At night, he ordered the lights out. “The two-legged animals will be on the prowl,” he told her. “Safer this way.” He had then pulled down the garage door and locked it.
“When we get close to Memphis tomorrow,” he said, as she lay in his arms, the sweat of love-making cooling and drying on them, “we’ll start monitoring the CB much more closely. All channels. We’ll find us a place to hole up and keep our eyes and ears open—we’ll see who comes to us. Maybe you’ll get lucky and some decent people will have banded together.”
“You really want to be rid of me, don’t you, Ben?”
“No,” he replied honestly, and his answer surprised him. “Well,” he added, “yes. In a way.”
“That is a confusing reply, darling.”
“You’re a survivor, Fran—but not the same type as I am. But”—he chuckled—“I have grown quite fond of you. In a way.”
“Yes,” she said, a wry quality to her voice. “We have gotten close, haven’t we? Go ahead, Ben. Drop the other shoe.”

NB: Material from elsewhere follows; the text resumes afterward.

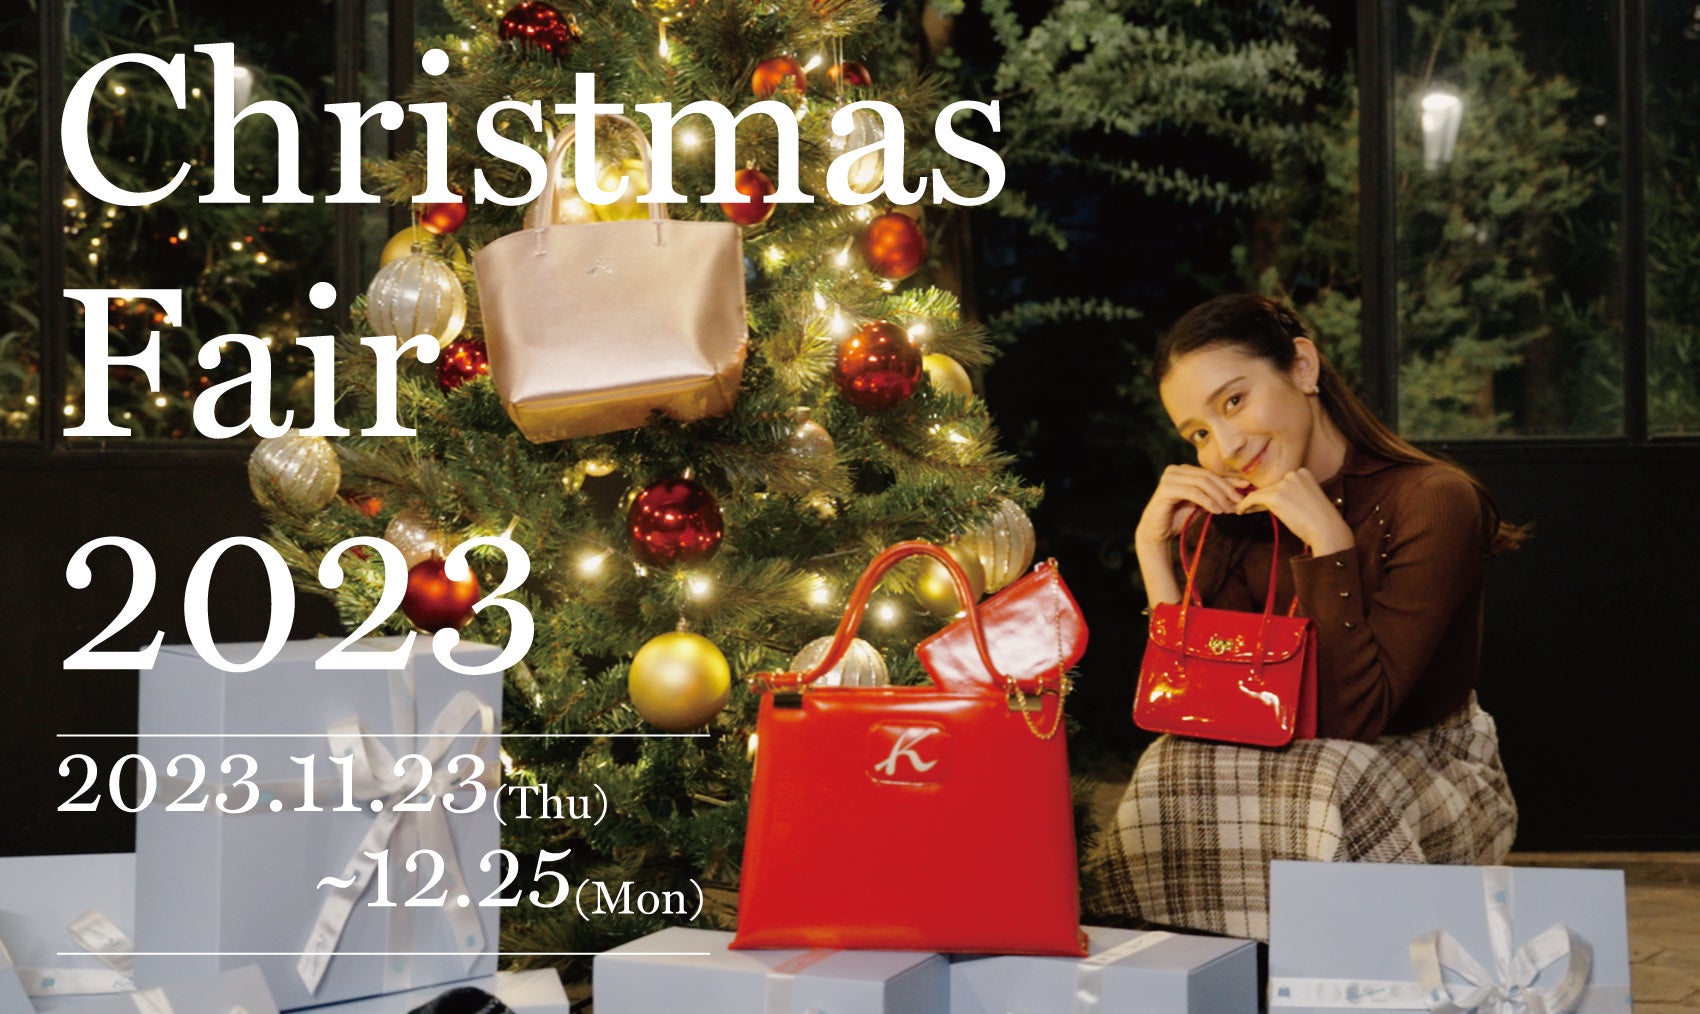 横浜元町のオリジナルバッグブランド「キタムラ」が11月23日(木・祝)より、全国のキタムラショップとオンラインショップにて”キタムラ クリスマスフェア2023″を開催！

“I want to see this nation, honey—as much as I can. From the Atlantic to the Pacific, from border to border. I want to see what was destroyed, and how. I am going to chronicle this happening, this event, and it’s going to take me a couple of years to do that—maybe more. I’m going to find a good tape recorder and about a million miles of tape and talk to people. Then I’m going to find a beat-up old portable typewriter, put the tapes in some form of order, and hole up in the mountains or by the sea for a couple of years, work ten hours a day, every day of the week, and write it, just the way it happened.”
“Ben? Who, may I ask, is going to be around to read the damned old thing?”
He laughed and cupped a warm round breast, rubbing the nipple against his palm. She stirred against him, her hand seeking and finding his maleness, fingers encircling it, feeling it start the process of thickening. She masturbated him slowly as her breathing became shallow, then a hot pant.
“We will have a civilization again, Fran,” he said, slipping his hand down the softness of her belly, to touch the dampness of pubic hair. His fingers found her and parted her, working in and out, his thumb on her erect clit. “A civilization… someday. And people will want to know exactly what happened. And they will read my work.”
Ben knew she was not a student of history or even much of a reader when she asked, “But you’ll be long dead by then, baby—so, who cares? So what?”
He kissed her and parted her lovely legs, slipping between them, positioning himself. He knew he was going to miss her after they parted.
“Ben?” she said, grasping his penis and inserting the head inside her.
“Yes, Fran?”
“Fuck me, Ben!”
Just outside of Memphis, south of the airport, Ben found a house that was free of bodies and was set back from the street, amid a large number of trees. He and Fran settled in. Once they saw a car drive slowly past, and another time a pickup truck, but he made no attempt to hail them, for they were full of hard-looking men, heavily armed, and they did not look like church-going types.